I created an custom function to add working days to a date. The function depends on the following packages:
library(tidyverse)
library(lubridate)
library(tidyquant)
This is the function I created:
add_workingdays <- function(start_date, number_of_days, switch_count_weekendsholidays = TRUE, remove_weekends = TRUE, holidays = NULL){
start_date <- start_date %>% as.Date()
if (!is.Date(start_date)) stop("add_workingdays(): start_date must be a date.", call. = FALSE)
target_date <- start_date + number_of_days
if(switch_count_weekendsholidays){
target_date_lenght <- tidyquant::WORKDAY_SEQUENCE(start_date, target_date, remove_weekends, holidays = holidays) %>% length()
while(target_date_lenght != number_of_days) {
target_date <- target_date + 1
target_date_lenght <- tidyquant::WORKDAY_SEQUENCE(start_date, target_date, remove_weekends, holidays = holidays) %>% length()
}
}
target_date %>% return()
}
When I run the function in the following scenario, it works without problems.
add_workingdays(start_date = '2022-04-08' %>% as.Date(), number_of_days = 5)
[1] "2022-04-14"
'2022-04-08' %>% as.Date() %>% add_workingdays(number_of_days = 5)
[1] "2022-04-14"
But when I try to use it within a mutate
function in a tibble, I get error messages I do not understand.
I use the following code and it gives the error at the end:
tibble(
+ dates = rep('2022-04-08' %>% as.Date()), #) seq.Date(from = '2022-04-08' %>% as.Date(), by = 'days', length.out = 5),
+ days_to_add = rep(10:5)
+ ) %>%
+ print() %>%
+ mutate(
+ target_date = add_workingdays(start_date = dates, number_of_days = days_to_add)
+ )
# A tibble: 6 x 2
dates days_to_add
<date> <int>
1 2022-04-08 10
2 2022-04-08 9
3 2022-04-08 8
4 2022-04-08 7
5 2022-04-08 6
6 2022-04-08 5
Error in `mutate()`:
! Problem while computing `target_date =
add_workingdays(start_date = dates, number_of_days =
days_to_add)`.
Caused by error in `seq.Date()`:
! 'from' must be of length 1
Run `rlang::last_error()` to see where the error occurred.
Can anyone explain to me what I do wrong when using this custom function within a mutate function?
The error has nothing to do with mutate
. It comes from the improper input for the argument in the tidyquant::WORKDAY_SEQUENCE
function.
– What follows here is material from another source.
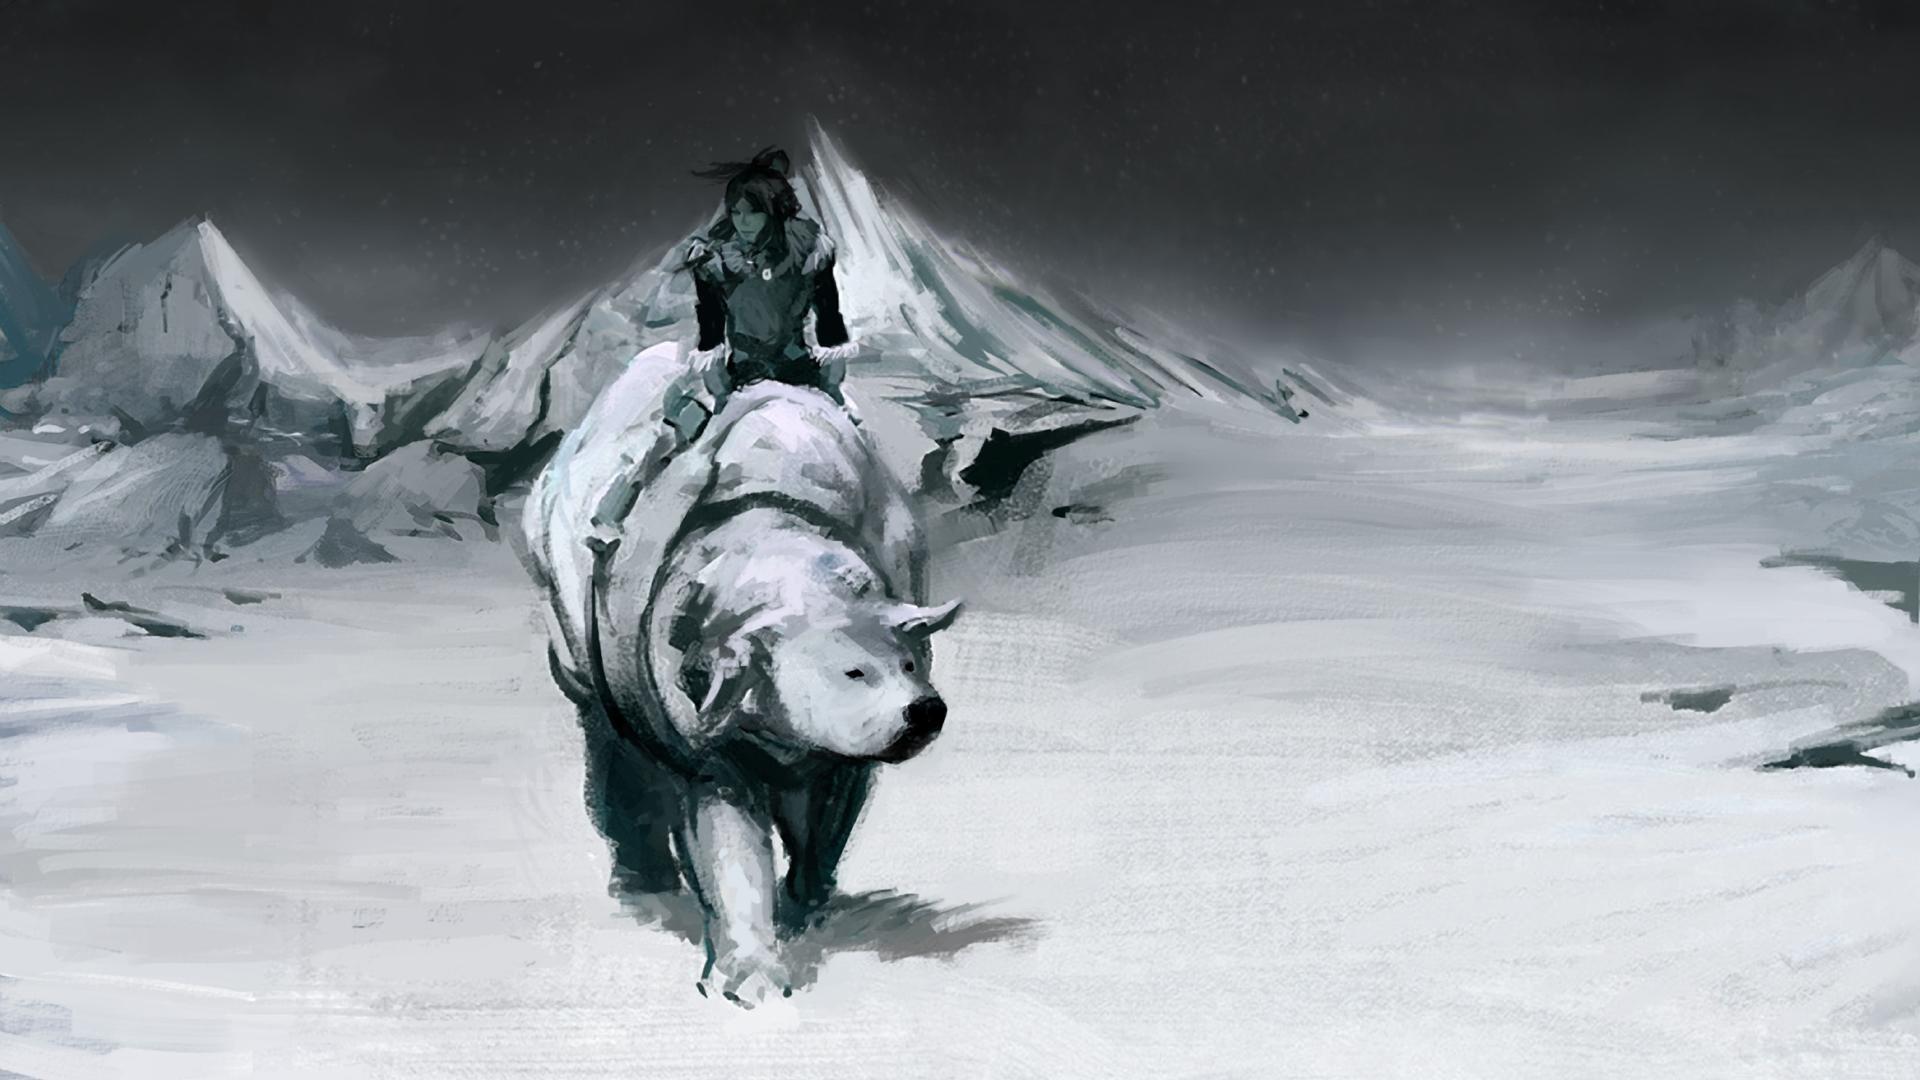 [No Spoilers] Avatar Wallpaper Dump : TheLastAirbender

If you check this function by printing it to the console, you get this:
tidyquant::WORKDAY_SEQUENCE #with no parens
#function (start_date, end_date, remove_weekends = TRUE, holidays = NULL)
#{
# day_sequence <- DATE_SEQUENCE(start_date, end_date, by = "day")
# ret_tbl <- tibble::tibble(day_sequence = day_sequence) %>%
# ...#and more
which shows that this function uses DATE_SEQUENCE
function. Likewise, if you check this function, you'll find that it uses seq.Date
function, which requires a single date for the from
argument. For example:
seq.Date(from = as.Date("2020-01-01"), to = as.Date("2020-01-03"), by = 'days')
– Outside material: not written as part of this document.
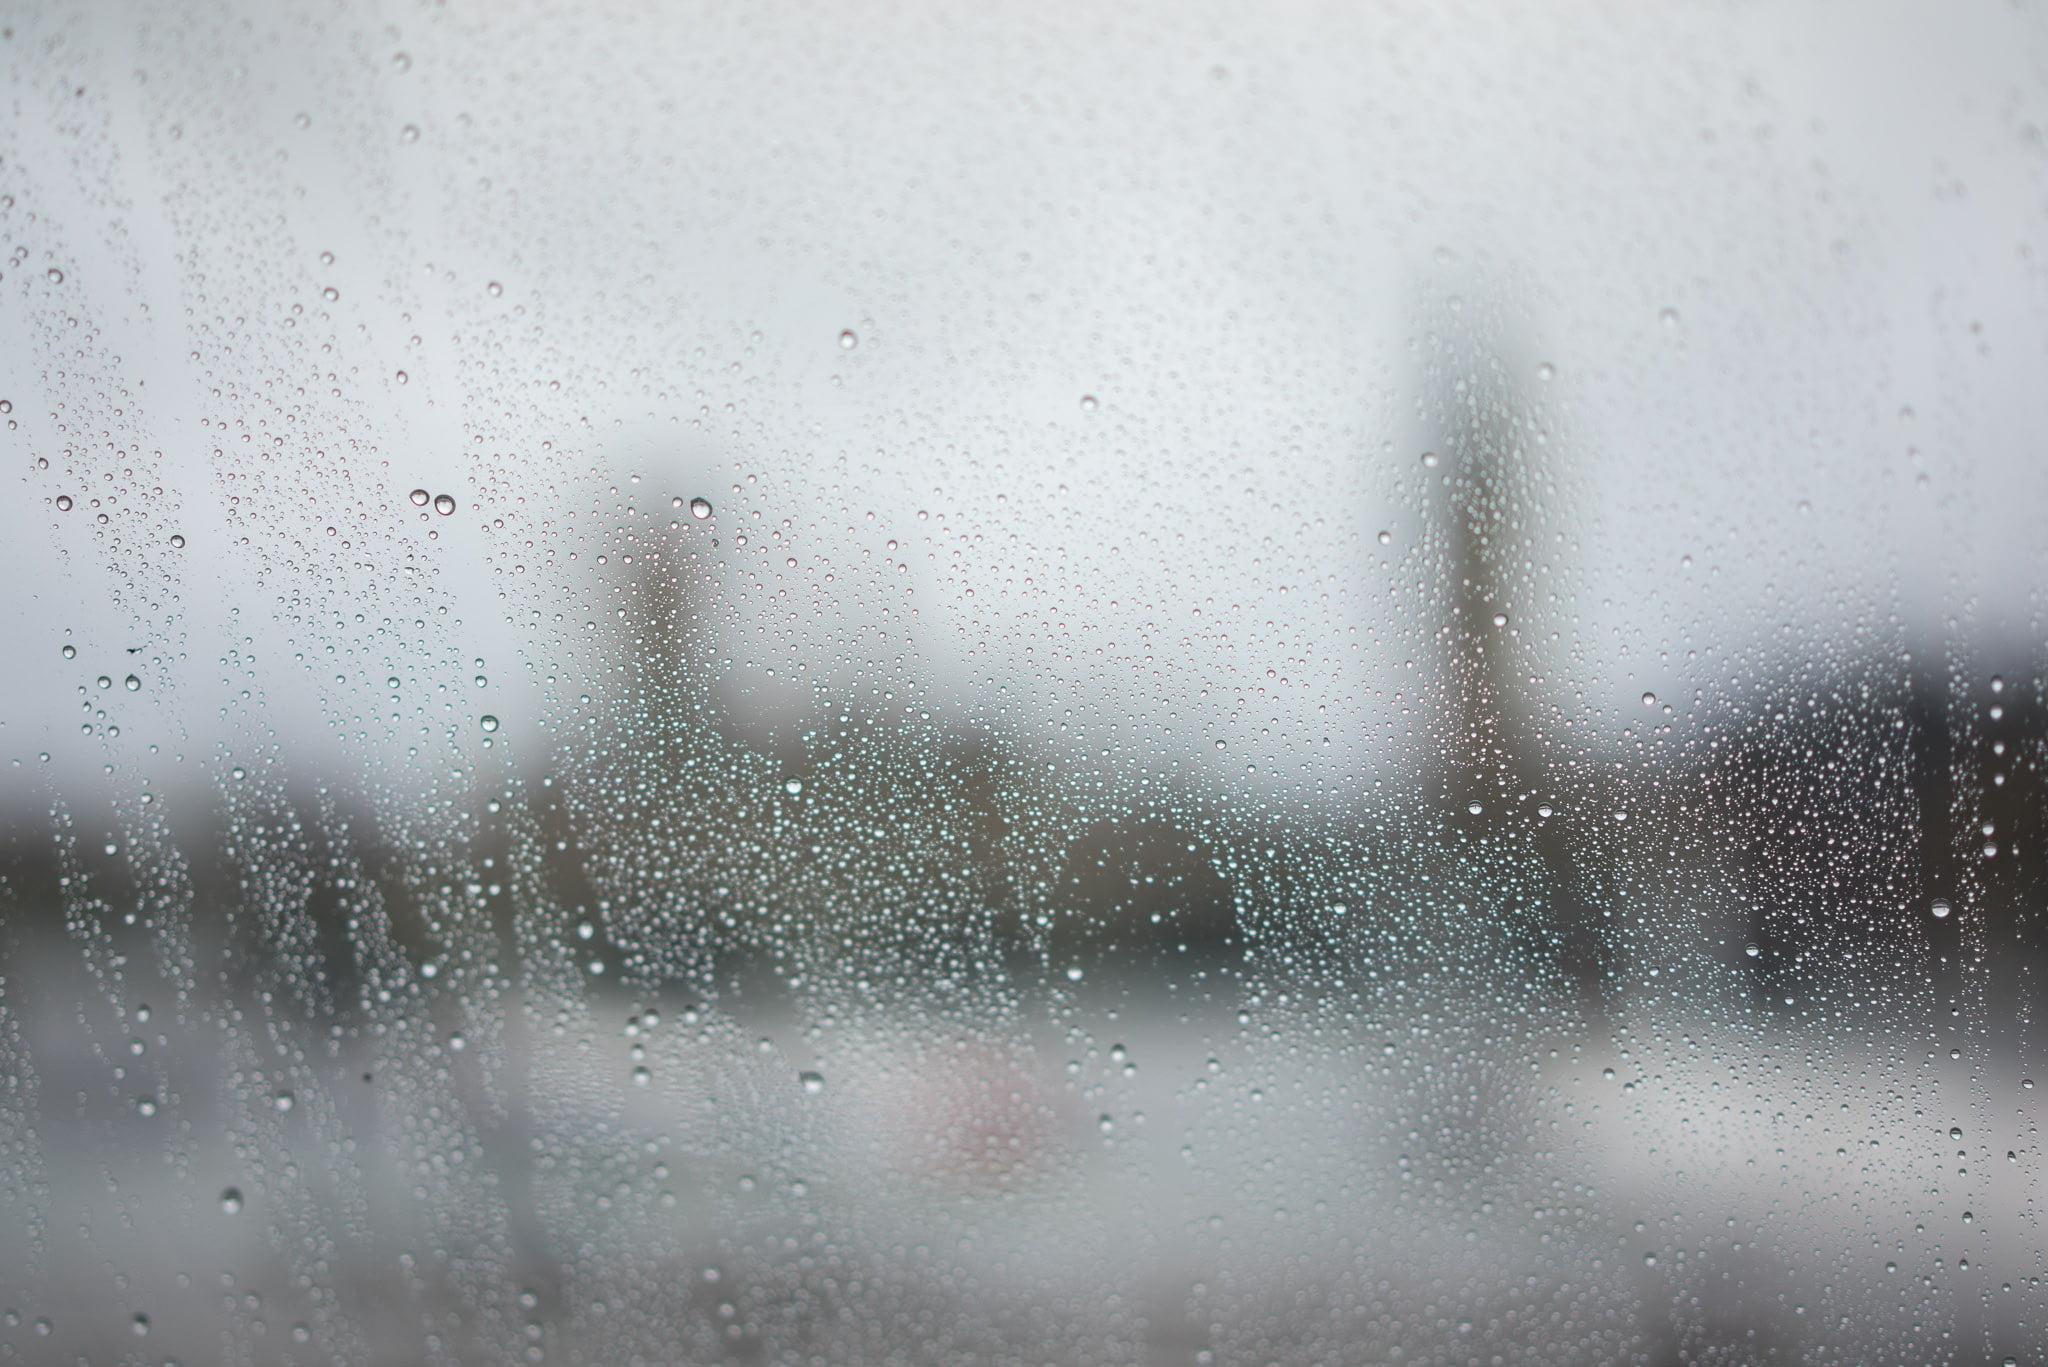 BIG RAIN Spring time in London

#[1] "2020-01-01" "2020-01-02" "2020-01-03"
WORKDAY_SEQUENCE("2020-01-01", "2020-01-03")
#[1] "2020-01-01" "2020-01-02" "2020-01-03"
If you entry more than one date data to from
, you get the same error:
seq.Date(from = c(as.Date("2020-01-01"), as.Date("2020-01-02")), to = as.Date("2020-01-03"), by = 'days')
#Error in seq.Date(c(as.Date("2020-01-01"), as.Date("2020-01-02")), #as.Date("2020-01-03"), :
# 'from' must be of length 1
WORKDAY_SEQUENCE(c("2020-01-01", "2020-01-02"), "2020-01-03")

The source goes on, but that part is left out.